- [INPUT DATA]
==============================

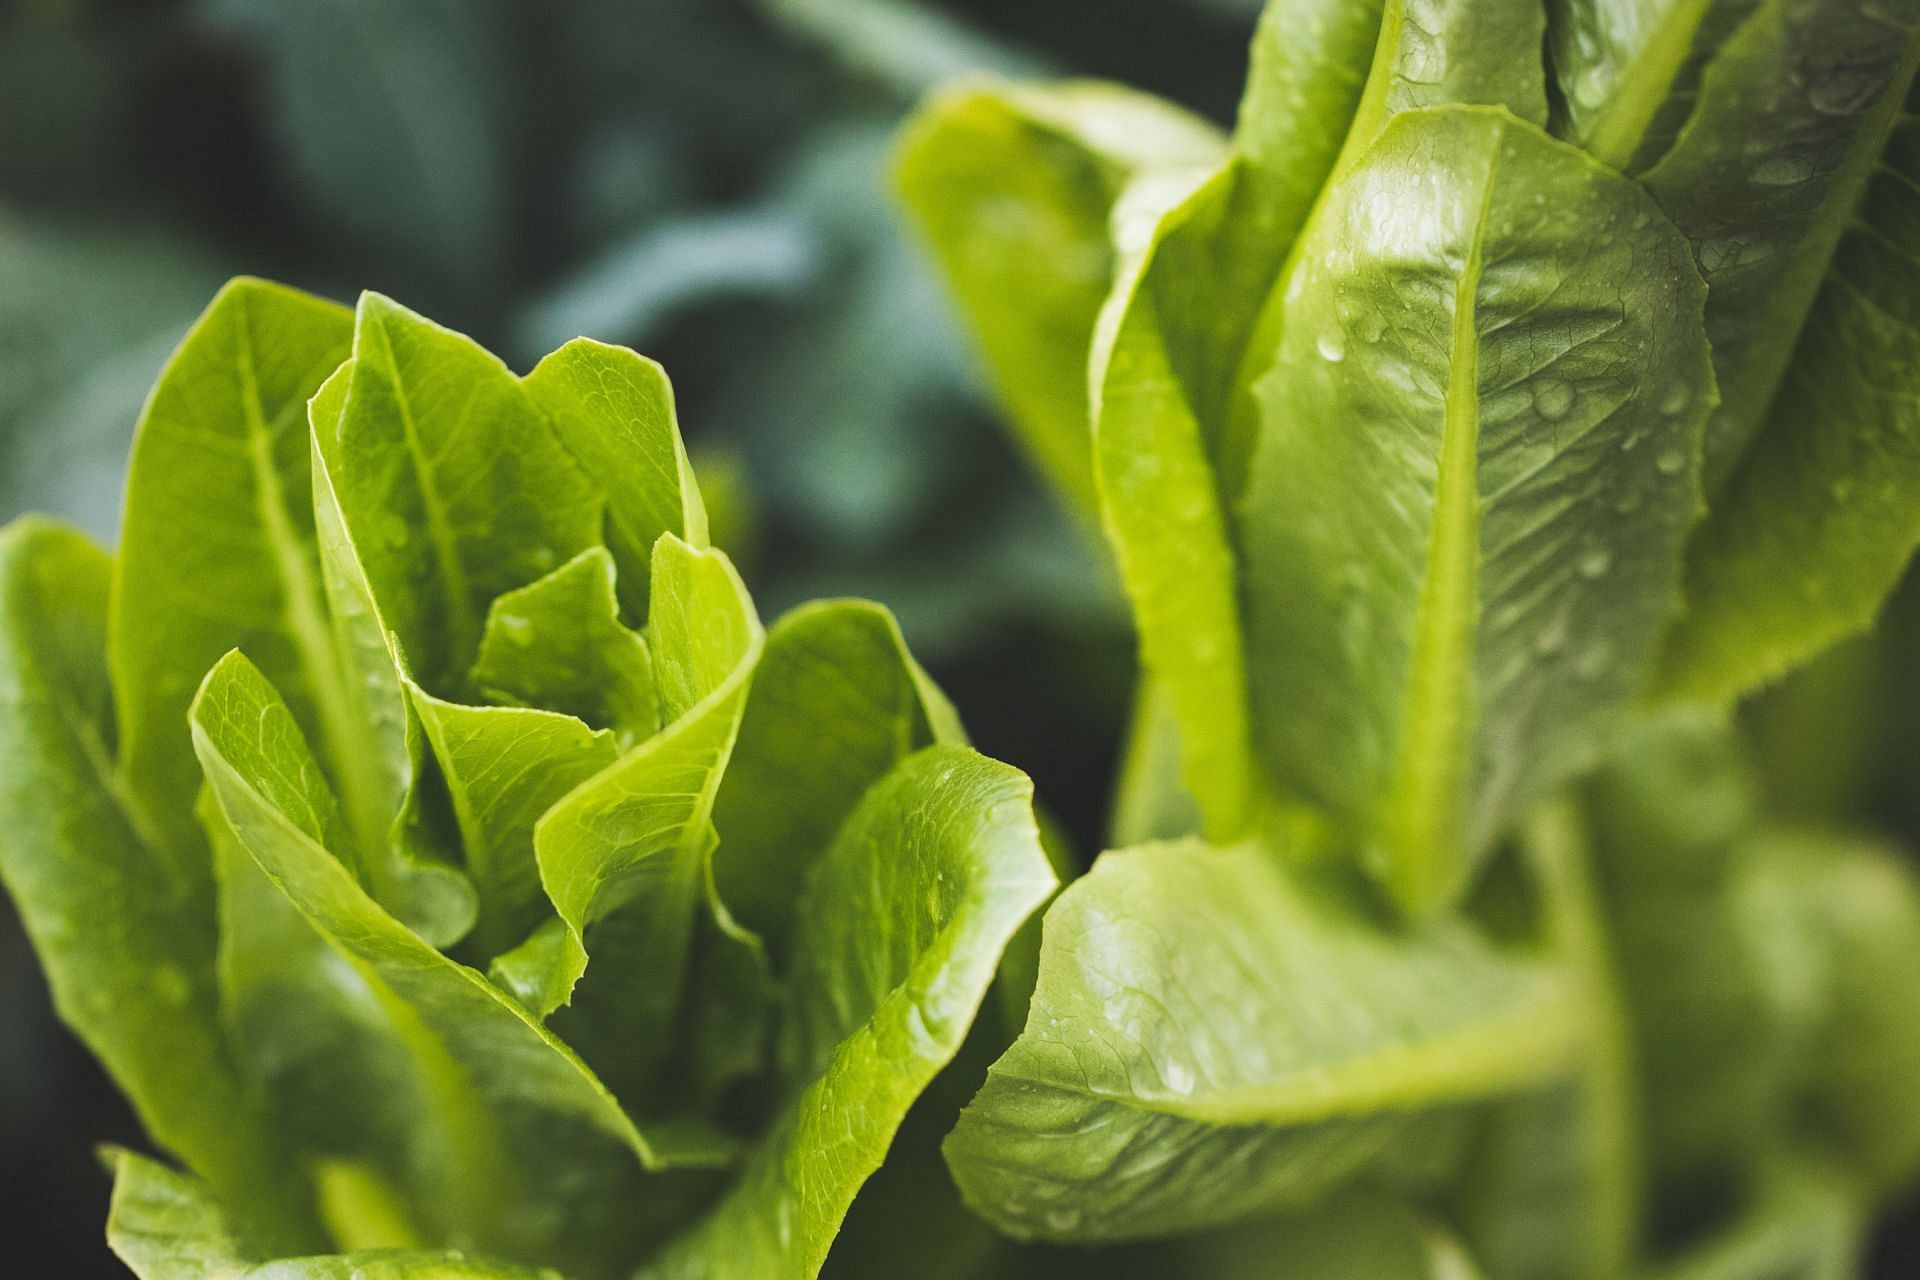 Romaine lettuce has anti-inflammatory properties. (Image via Unsplash/Stephanie Moody)
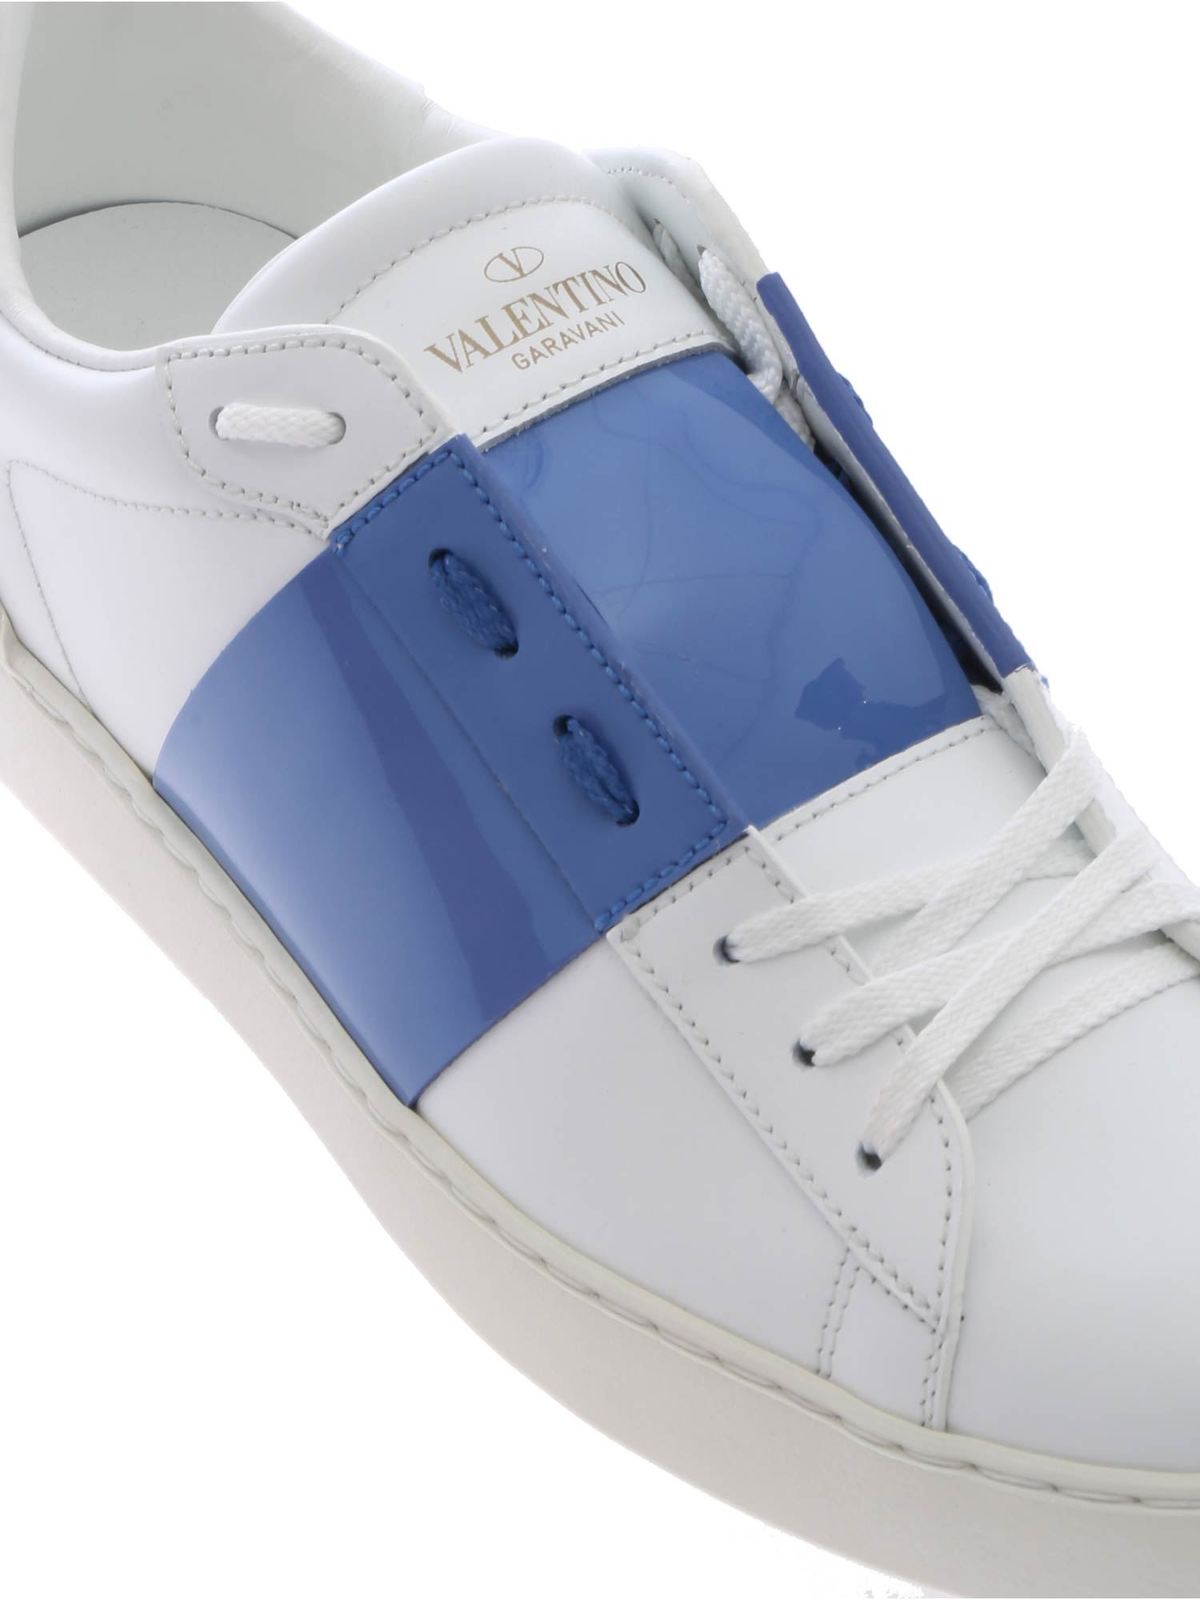 Trainers Valentino Garavani - Open sneakers in white and light blue ...
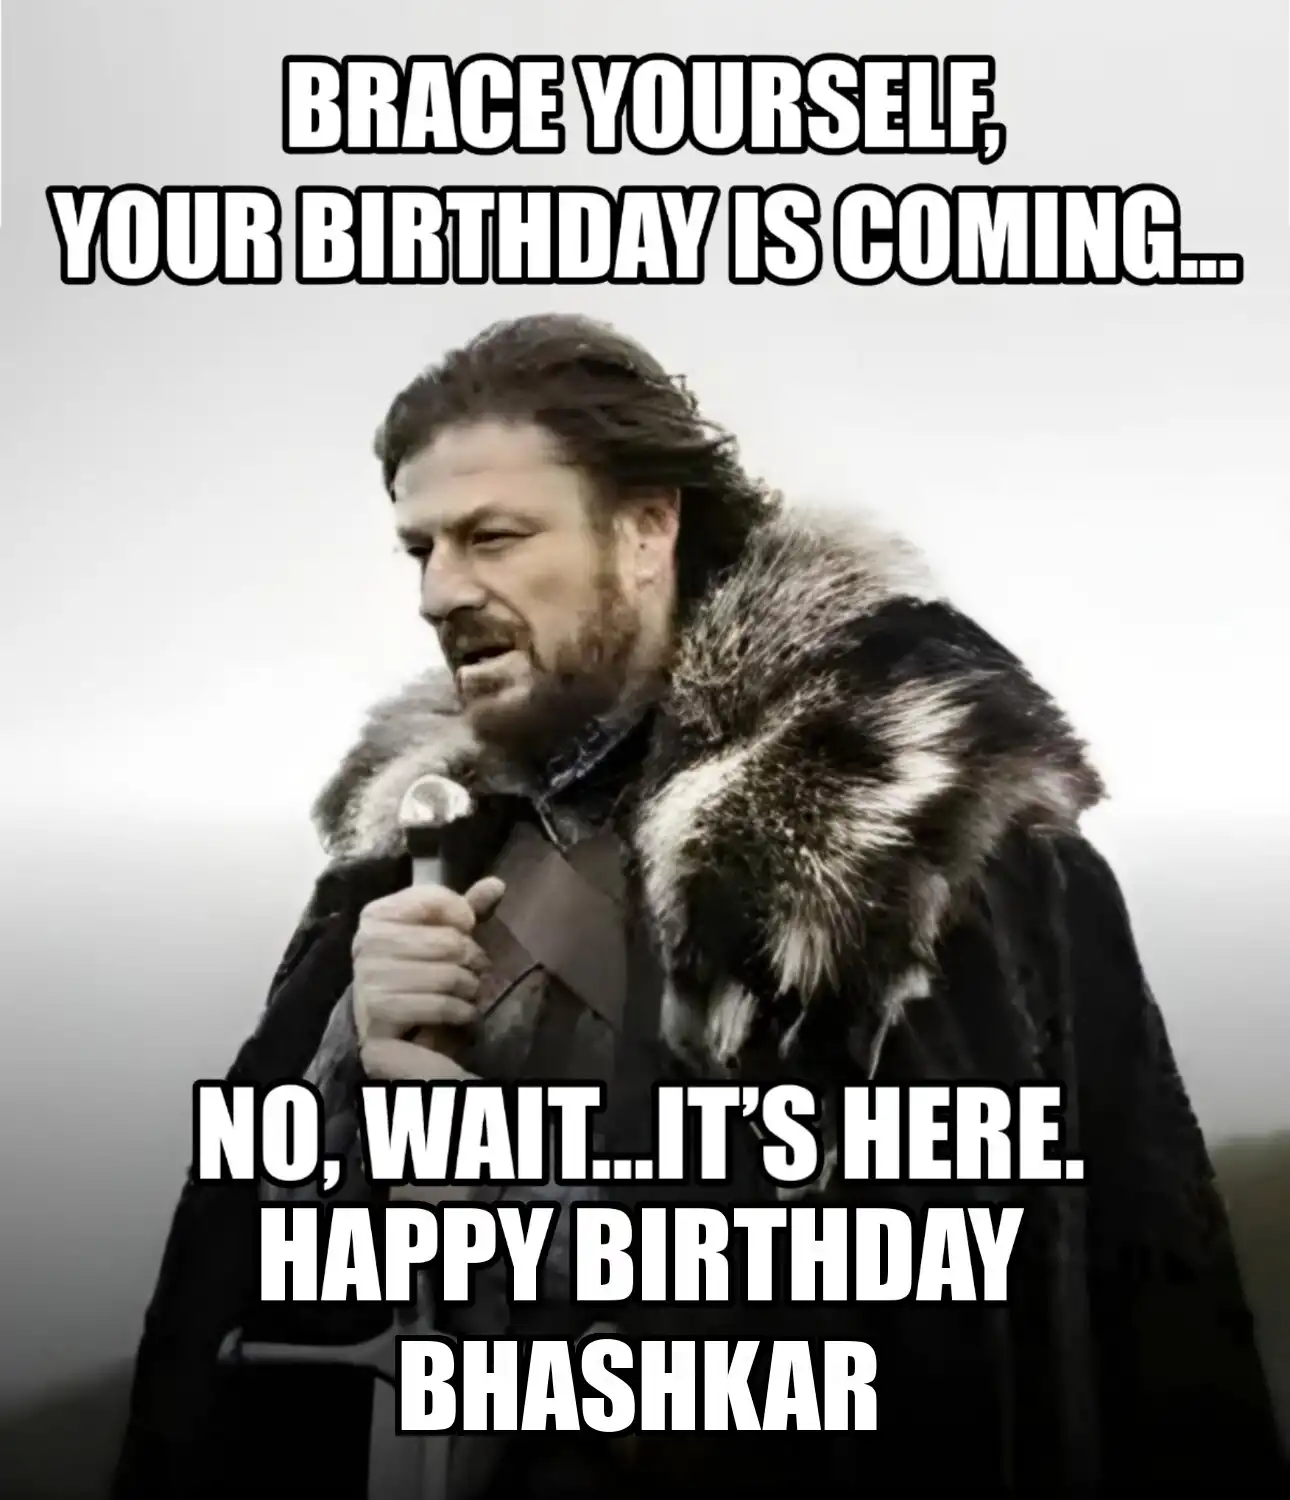 Happy Birthday Bhashkar Brace Yourself Your Birthday Is Coming Meme

==============================

Reproduce the whole listing exactly, but not the images in it.

- [ANSWER TO THE PROBLEM]
 Romaine lettuce has anti-inflammatory properties. (Image via Unsplash/Stephanie Moody)
 Trainers Valentino Garavani - Open sneakers in white and light blue ...
 Happy Birthday Bhashkar Brace Yourself Your Birthday Is Coming Meme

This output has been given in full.